In some Orthodox communities, the prohibition on male masturbation is taken so seriously that various other acts are also barred for fear they might lead to arousal and thus to wasting seed — including touching one’s own penis, another act the Talmud banned (even during urination)
The liberal denominations have taken a somewhat more accepting approach. In a 1979 paper that addressed the question directly, Reform Rabbi Walter Jacob wrote that masturbation isn’t sinful or harmful, though it should still be discouraged. Elliot Dorff, a leading Conservative rabbi who has written extensively on Jewish sexual ethics, has suggested that given the tendency among Jews in the West to delay marriage, it is unreasonable to expect complete abstention from all sexual pleasure until one’s wedding night. Given the choice between premarital sex and masturbation, Dorff wrote, masturbation is morally preferable. . In part to avoid such choices, some Orthodox communities strongly encourage young people to marry by their early 20s, if not earlier.
Female masturbation is less problematic in Jewish tradition, as it doesn’t raise concerns about spilled seed. The issue is not directly addressed in ancient sources. Indeed, some have suggested that the rabbis of the Talmud, all of them men, couldn’t even conceive of female masturbation as a form of sex. While, some authorities have inferred a prohibition based on sources that are sometimes understood as barring lustful thoughts, , other contemporary rabbis see no problem with women masturbating. Rabbi Moshe Feinstein, a leading 20th century Orthodox authority, dismissed multiple grounds for objection to female masturbation, including that sexual thoughts might lead to actual transgressions.
Is pornography acceptable?
Traditional Jewish law is firmly opposed to pornography. The Shulchan Aruch prohibited even looking at a woman’s finger or her clothes lest it lead to impure thoughts and actions. Various biblical sources are also routinely invoked as a basis for banning porn. Among them, the verse (Numbers 15:39) that establishes tzitzit fringes as a bulwark against following the lustful urges of the eyes. Moreover, Jewish tradition stresses the importance of modesty and privacy in the conduct of sexual relations, and early rabbinic literature voices considerable fear about the impact of impure sexual thoughts. Rabbi Danya Ruttenberg, a Conservative rabbi who has written extensively about Judaism and sexuality, raises another concern about consumer ethics and pornography, given that much sexually explicit material is produced in ways that are exploitative of the performers.
Though ancient rabbinic sources were fairly permissive with respect to sexual activity between husband and wife, some rabbis nevertheless consider the viewing of pornography as beyond the pale even when married couples use it as foreplay or as a way to improve their sex lives. Shmuley Boteach, a rabbi and author whose books include Kosher Sex, Kosher Lust and Kosher Adultery, has approved fellatio and sex toys, but draws the line at pornography. “They may be making love while watching the film, but in spirit and in mind they might as well be with the people in the video,” Kosher Sex says of couples that watch pornography together.

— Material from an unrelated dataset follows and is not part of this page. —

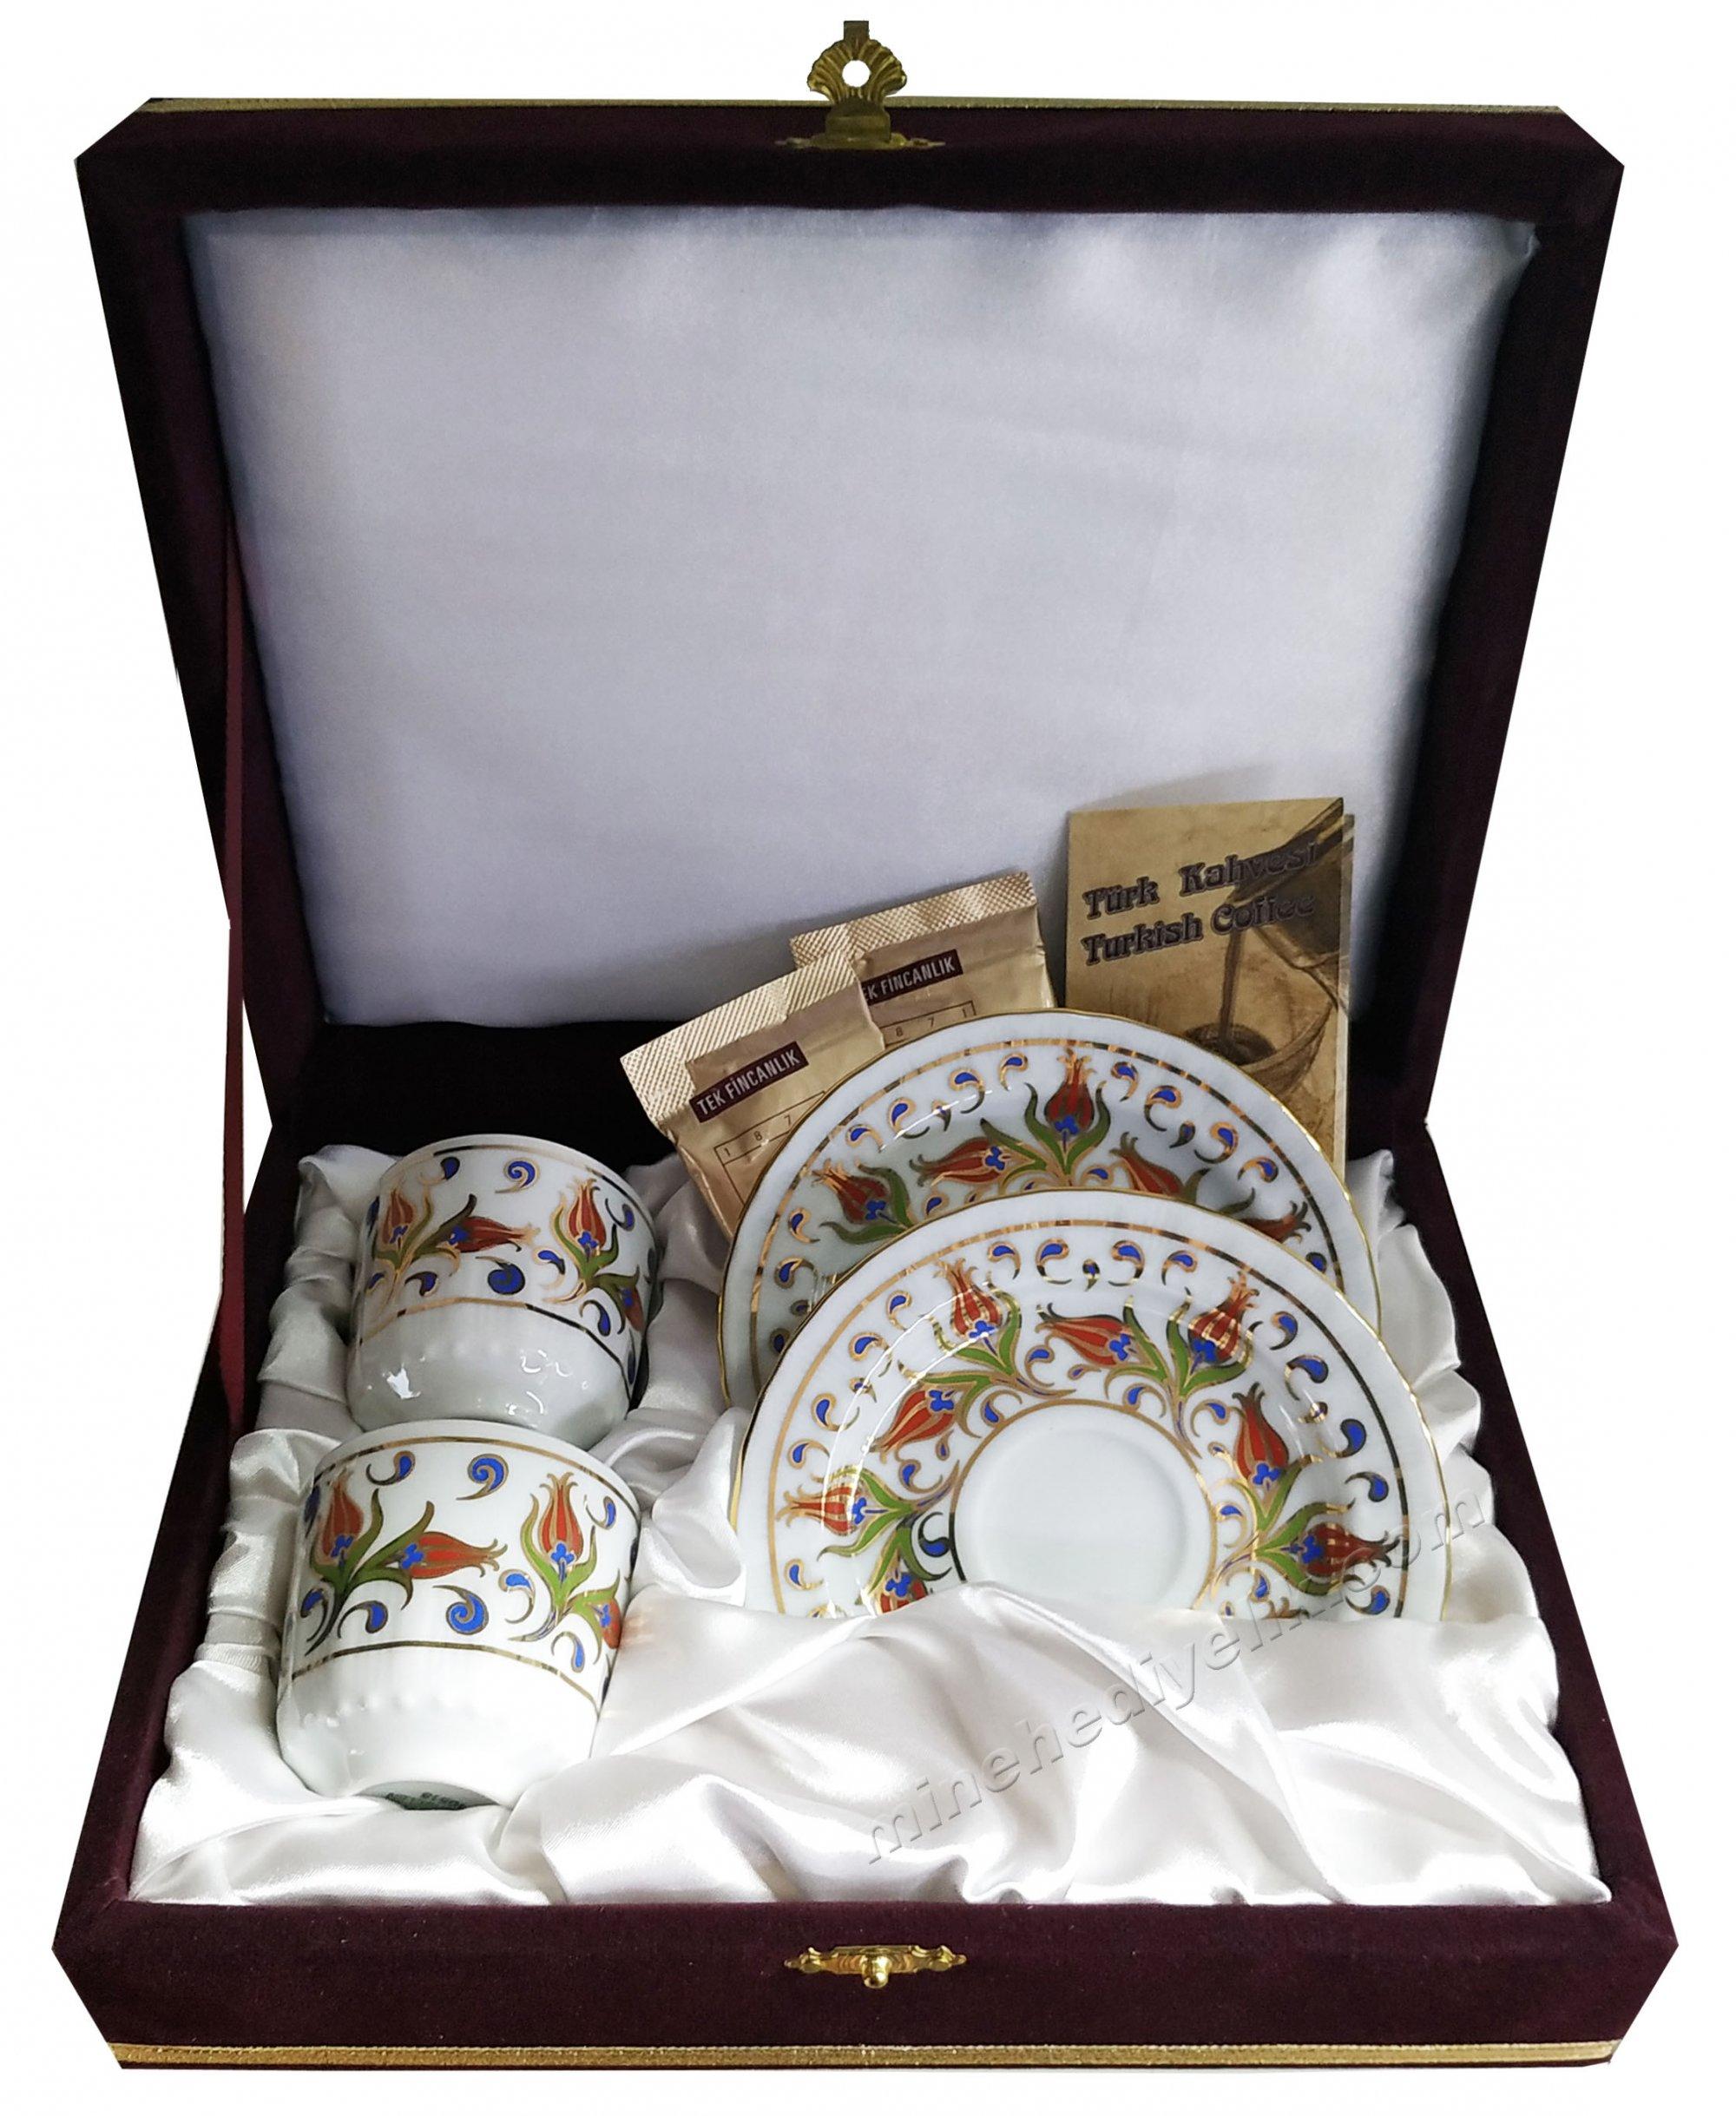 İki Kişilik Kahve Fincan Setleri Özel Tasarım Kutularda Lale Desenli Türk Kahveli

Rabbi Jonathan Crane, writing in the Reform movement’s 2014 volume on sexuality, The Sacred Encounter, takes a different view. “It would seem that the tonal thrust of the textual tradition favors permitting, if not encouraging, Jews to produce and consume some forms of erotic expressions for the purpose of invigorating marital relations, with perhaps more freedom in the verbal than visual arena,” he writes.
In recent years, the easy availability of online pornography has prompted serious alarm, particularly in the Orthodox world. Orthodox rabbis have issued stringent edicts about internet use, and a number of organizations have sprung up to help those battling porn addiction. GuardYourEyes, an Orthodox website endorsed by a number of prominent Orthodox (mostly ultra-Orthodox) rabbis, offers a wide range of tools for those battling addiction, including support groups, daily emails and filtering software. “I doubt that at any time in our history has there been as grave a threat to the morality of our people and to the stability of the Jewish family as the plague of addiction to internet pornography,” Abraham Twerski, a leading Orthodox rabbi and respected psychiatrist specializing in addiction, has written.
Is sexting permitted?
Sexting, the sending of sexually suggestive words or images by text message, has become a common practice among teenagers and has raised alarms among educators, religious and secular alike. However, the simple act of using words to sexually entice isn’t a forbidden act. Indeed, a famous Talmudic story suggests that at least one ancient Jewish rabbi talked erotically with his wife in bed prior to intercourse. In his podcast The Joy of Text, Orthodox Rabbi Dov Linzer suggests that sexting one’s spouse could actually be a good way to build “some sense of anticipation and excitement even before the couple moves to the bedroom.”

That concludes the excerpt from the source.